Вот и бабушка. Остановилась, глянула в мою сторону и зачастила:
- Чего ты ждешь, Даниил! Хватай кошку и бежим!
- Стойте! Стойте! - кричит мой опекун могильщик Иосиф, но мертвые его не слушают, бегут без оглядки, и я просыпаюсь в холодном поту и плачу, и плач мой заглушает утро и вороний грай за окном.
В середине лета мой опекун Иосиф привел на кладбище Генеха Рапопорта, учителя местечковой школы, угрюмого, болезненного человека в поношенном сюртуке, пропахшем плесенью и мелом. Махонькая помятая ермолка прикрывала его продолговатый, заросший патлами и премудростью череп. Было Рапопорту около пятидесяти, но выглядел он намного старше, как и подобает чахоточнику и мудрецу.
- Реб Генех обучит тебя письму, чтению и счету, - сказал Иосиф. - Через год тебе стукнет тринадцать. Ты сам будешь отвечать за свои грехи, и, чтобы их не множить, надо, малыш, кое-что знать в жизни. Такие вот делишки.
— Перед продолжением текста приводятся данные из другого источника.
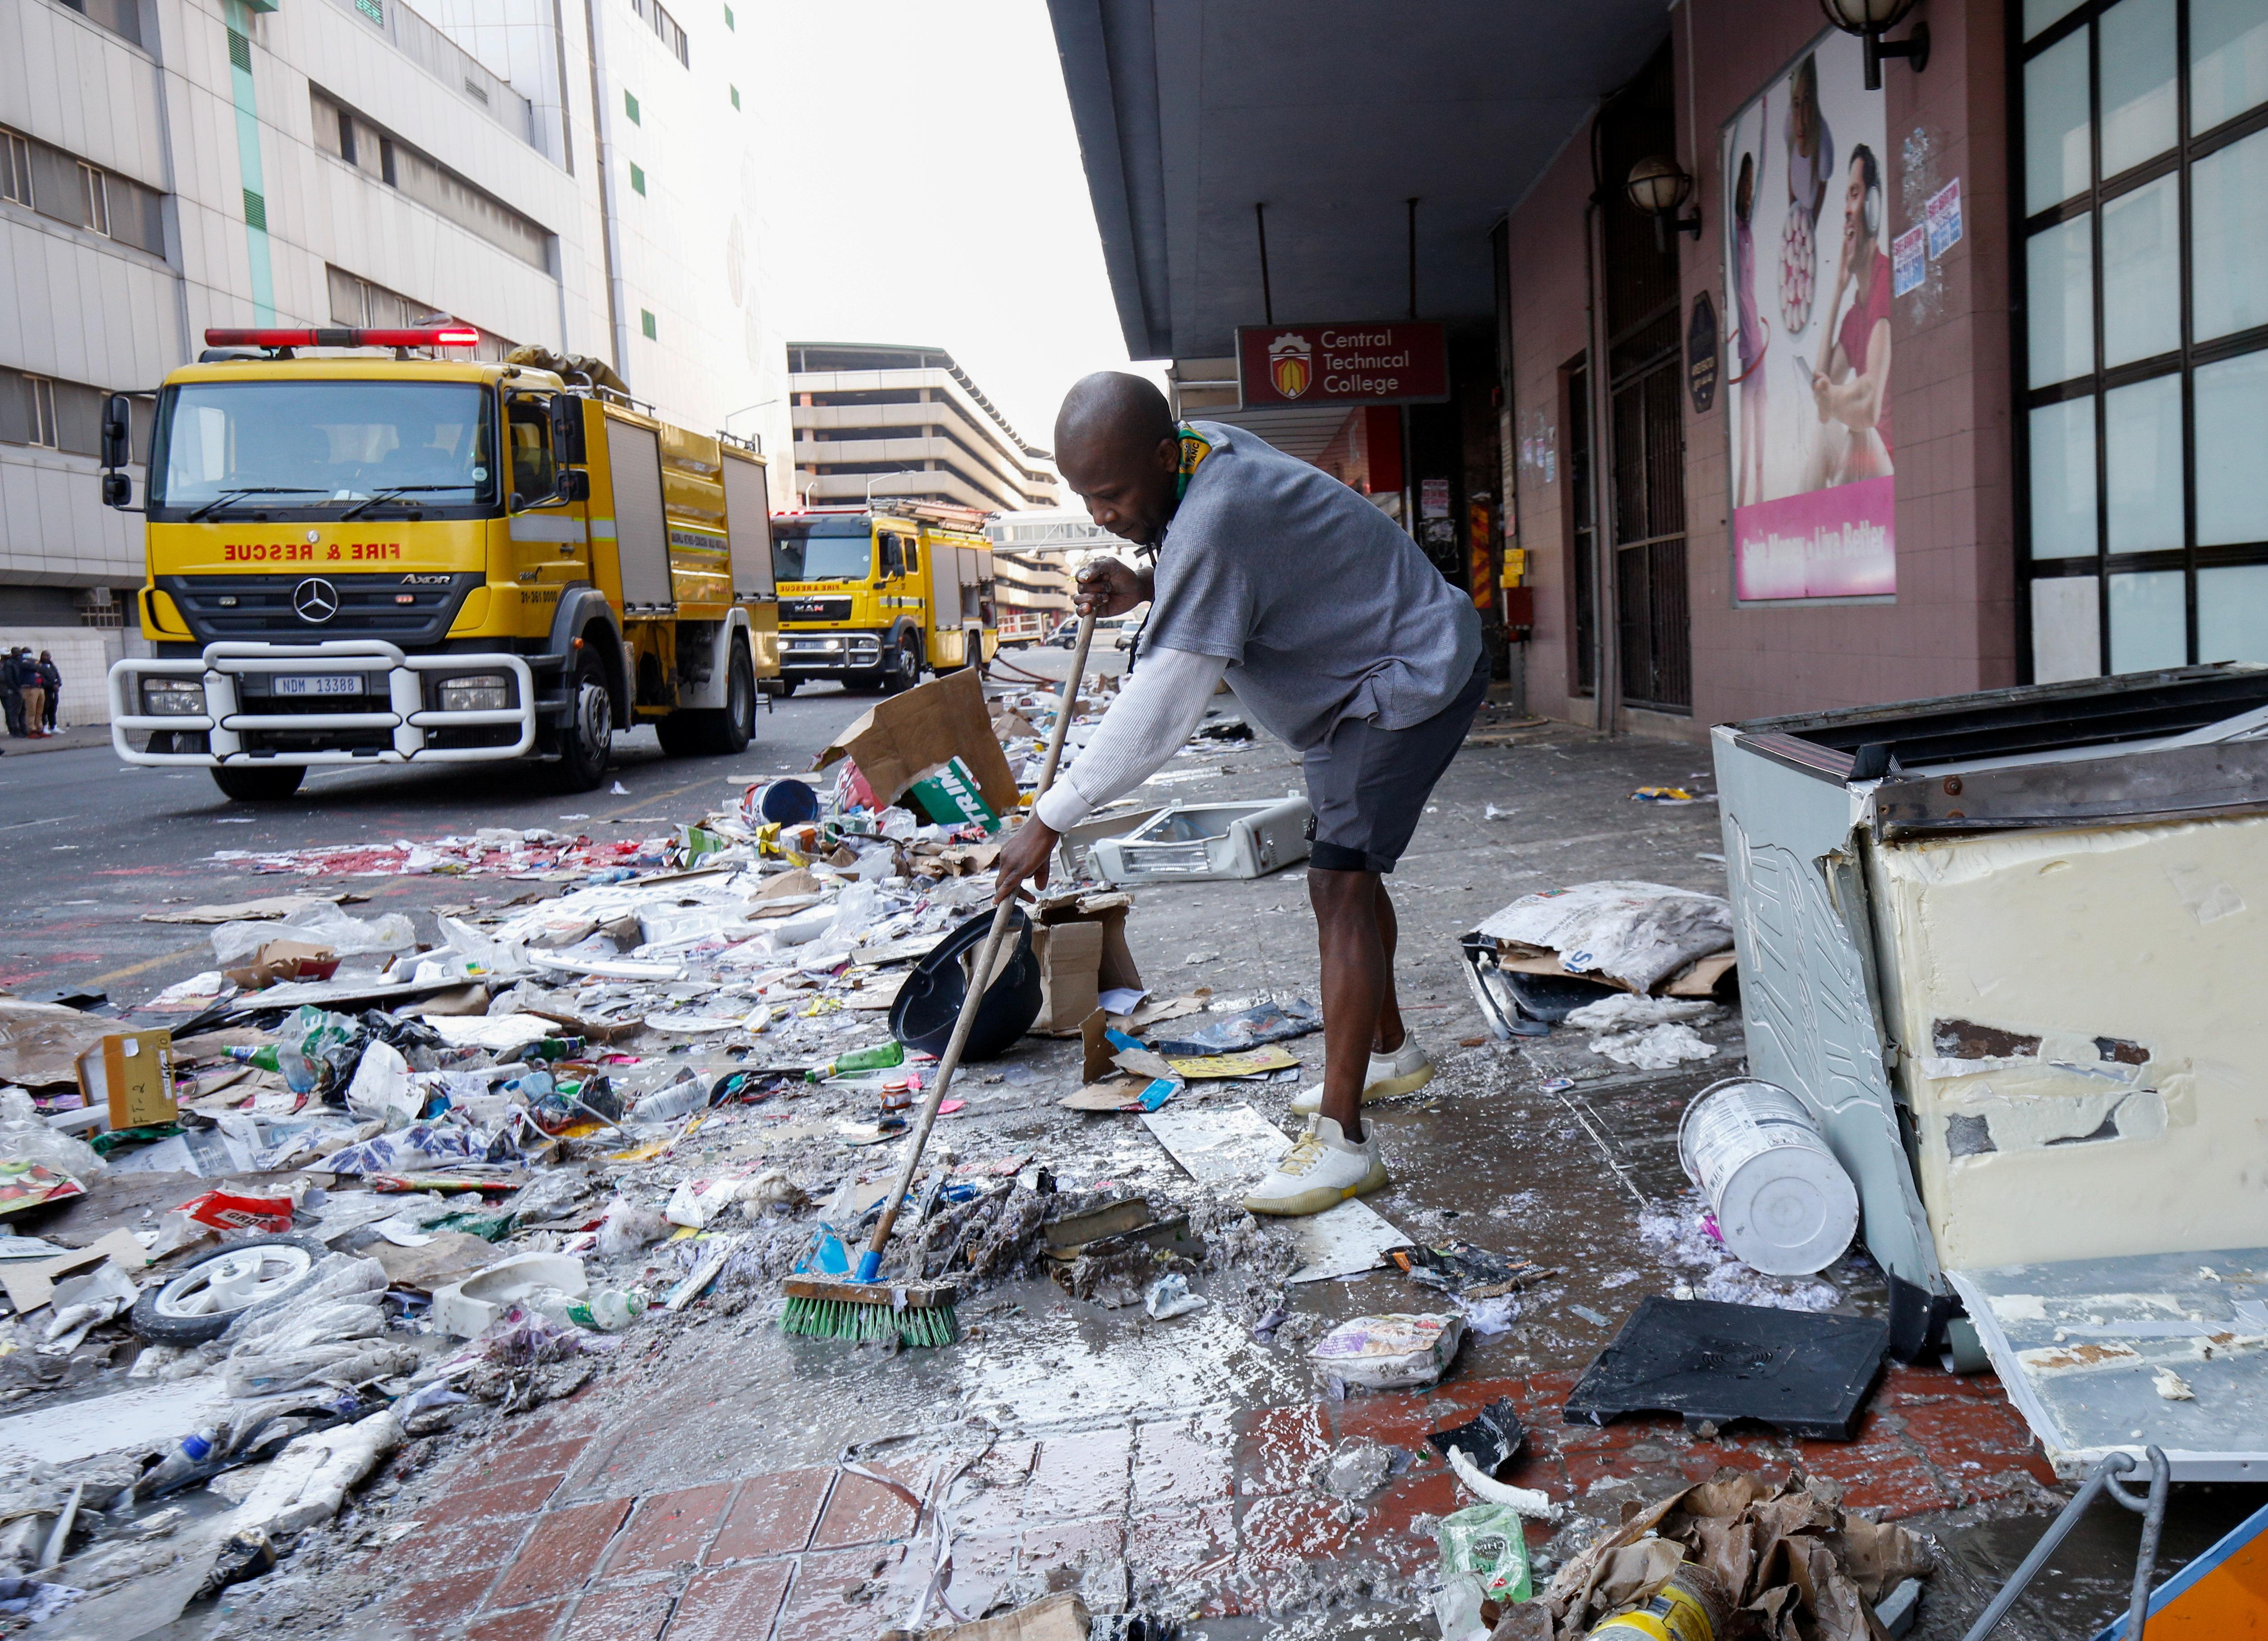 लूटपाट के बाद दुकान के सामने पड़े कचरे की सफाई करता युवक।

- Знать надо вовсе не для того, чтобы не множить грехи, а для того, чтобы платить за них как можно меньше, - процедил Рапопорт и добавил: - Ежели не возражаете, мы будем заниматься на свежем воздухе.
- Не возражаю, - пробасил могильщик. - Занимайтесь, ребе, на здоровье.
- На здоровье? - усмехнулся Генех. - Мои легкие напоминают решето. Пропускают все, кроме хвори. С чего же мы с тобой, дружочек, начнем?
- Не знаю.
- Прежде всего, выломаем палку, - сказал Генех и ленивой походкой поплелся к лозняку.
- Мы же с вами договорились, ребе, - забеспокоился мой опекун Иосиф.
- Договор остается в силе. Но может случиться так, что разок-другой я его и ударю.
Рапопорт спокойно выломал палку и неожиданно признался:
- Меня в детстве каждый день колотили. Человеку от битья только польза. Ступайте, реб Иосиф, и будьте спокойны: зря я вашего малыша не трону.
- А я и не дамся, - меня прямо-таки затрясло от обиды. - Я тоже выломаю палку.
- Ваш малыш мне нравится, - сказал Генех. - Что же, выломай, я подожду.
Он сел на заросшее травой надгробие и принялся перочинным ножом срезать с палки сучки.
- Ну?
Я стоял и не двигался.
- Даниил пошутил, - заступился за меня мой опекун Иосиф.